Why did he sound so worried, and why had he tried to hide his recognition of the man from her? It wasn’t as though this was some new secret. Elizabeth had known there was such a woman, after all. She shrugged. “There can’t have been many officers in the Forty-Ninth who exchanged into other regiments and had wives who died in the past few years. And why would he look at us—at me—with such particular dislike?” That was the part that most puzzled her. She could understand, easily, why a gentleman might resent a man who had made a cuckold of him, even many years later. But why would he hold a grudge against that man’s wife?
“I’m not sure. I would’ve sworn he didn’t know. I was hardly the only one, either.”
“Perhaps he didn’t know, then, but it came up in some quarrel later.”
“I’m sorry, Elizabeth.”
She began to wish she’d never brought it up. Reaching into the darkness, she laid a tentative hand on his shoulder. “You don’t have to apologize all over again. This doesn’t change anything. I already knew everything but her name, and I’ve already forgiven you. I’m sorry Mr. Liddicott is making himself unpleasant, but it shouldn’t change anything that’s between us now.”
“No,” he said after a long pause. “It shouldn’t. I hope we won’t be obliged to see much of him, but you’re right. Nothing has changed.”
But something had changed, Elizabeth thought as she lay awake long into the night. It was the first time they had returned home from a ball, no matter how late the hour, and not come together in bed.
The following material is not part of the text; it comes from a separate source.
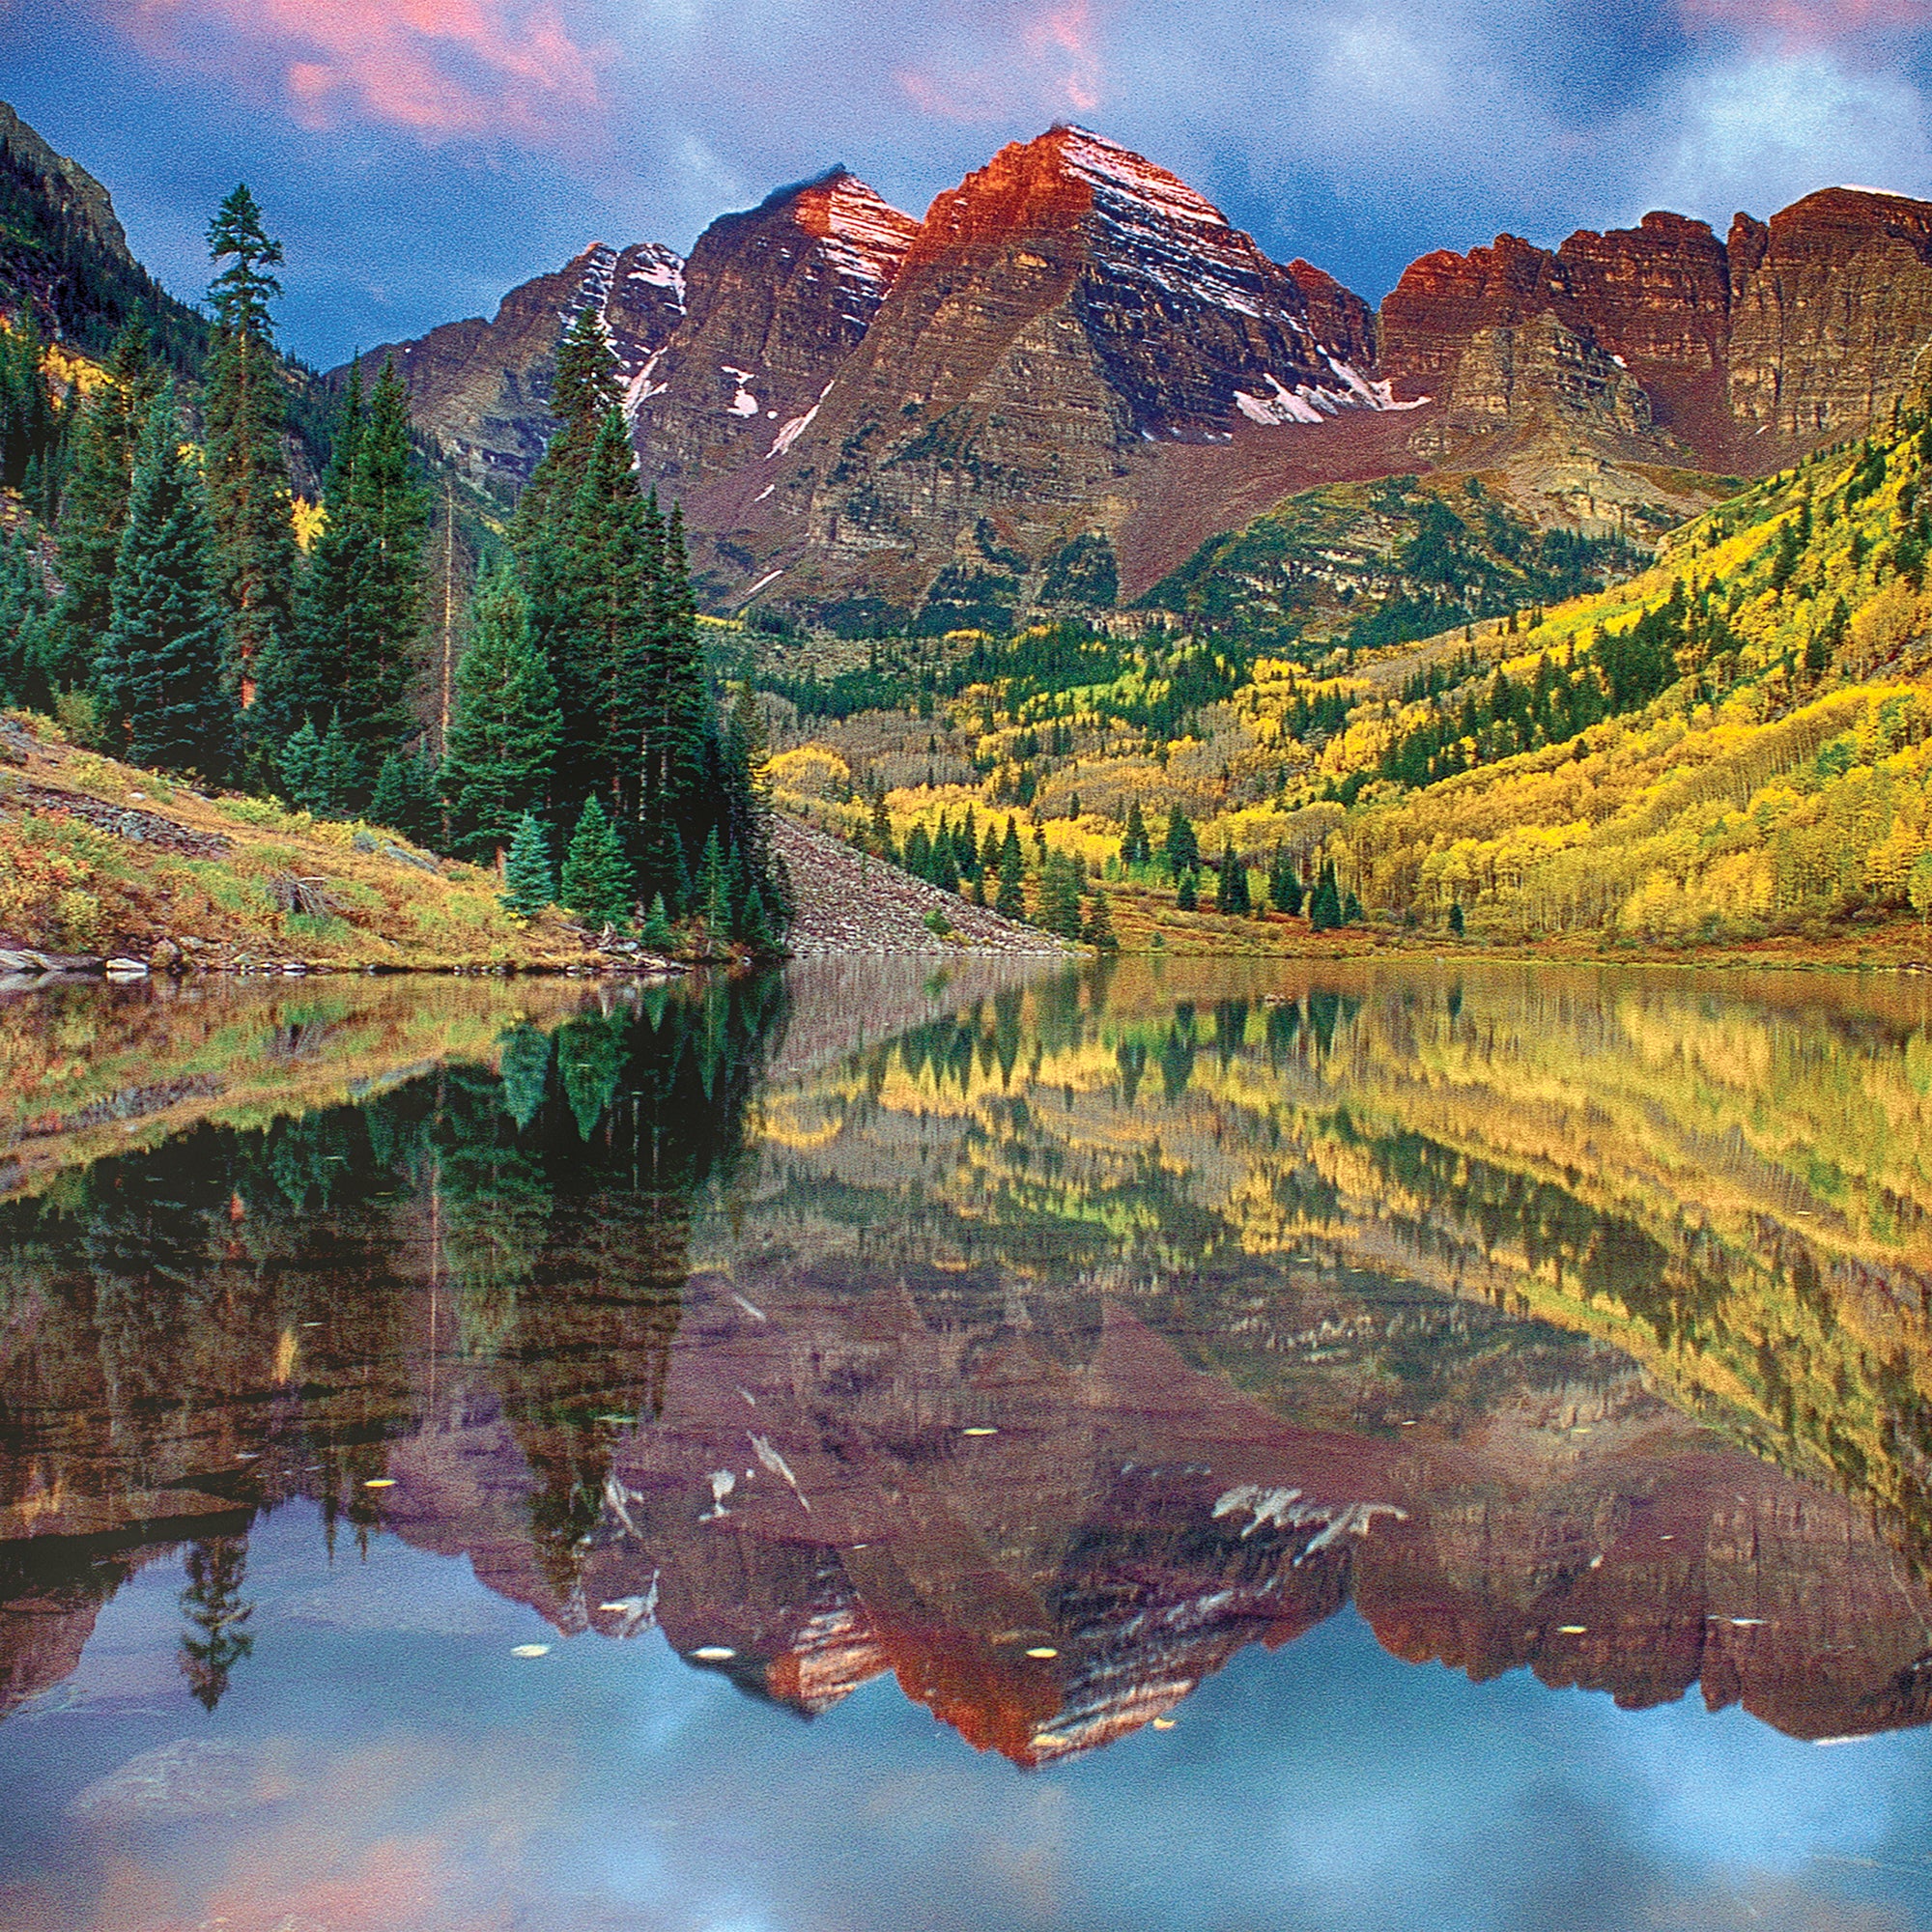 Maroon Bells Photograhy | Autumn Reflection Maroon Bells-Aspen Colorado |Robert Castellino Photography

She supposed it was only natural after such a conversation, but it left another chill on her happiness.
* * *
The next day Jack awoke in a foul mood. He tried to tell himself it was only lack of sleep that made the late May sunshine seem like a personal affron
t, but he knew better. What the devil was Henry Liddicott doing in Brussels? He wasn’t with the army anymore, so what had brought him here when he ought to be rusticating at his home in Cornwall? Bella had always hated Cornwall, Jack remembered, resenting any time her husband obliged her to spend there, away from the glamour of London society or the young, masculine environment of the regiment on campaign.
He’d quickly learned that his aide-de-camp was an endless fount of gossip, so he asked, casually, as soon as Beckett had finished listing the gentlemen the young Lennox ladies had danced with the night before and which of them were thought to be serious suitors, if he had any idea why Liddicott was here.
“I don’t know, sir.” Beckett frowned at his own ignorance, then brightened. “But I’m sure I can find out.”
“If you will, but I’d rather you not mention that I was asking questions about it. He and I, ah, we weren’t the best of friends when we served together. I’m ready to forget old grudges, but I’m less certain he is.”
“Silent as the grave, sir.”
With that, they both turned their minds to regimental business, but the next morning Beckett came whistling into the parlor that Jack had made his office. “Your old friend Liddicott, sir, is here for precisely the same reason so many of our civilian families are. He wishes to live more cheaply than he can at home.”
Jack frowned over the regimental returns he’d been reviewing. “I thought Brussels wasn’t cheap any longer now that we’ve filled it up with soldiers. I’m sure I heard Lady Caroline Capel complaining about how dear everything was becoming just last week.”
“If people will have a dozen children and gamble at every opportunity...but you wish to know about Liddicott, not the Capels. His need is more particular. It seems his home was damaged in a fire, and he had a nephew already established here in town who offered to let him stay gratis until the repairs are completed.”
Jack nodded. “Thank you, Lieutenant. What messages from the duke? I don’t suppose we’re to march for France tomorrow?” he said lightly. He knew the answer was no, though he wished it were otherwise. It would solve the problem of Liddicott neatly, if they could simply leave Brussels. But army gossip held that the advance wouldn’t commence until July, and if Wellington had any other plans, he’d taken no one into his confidence.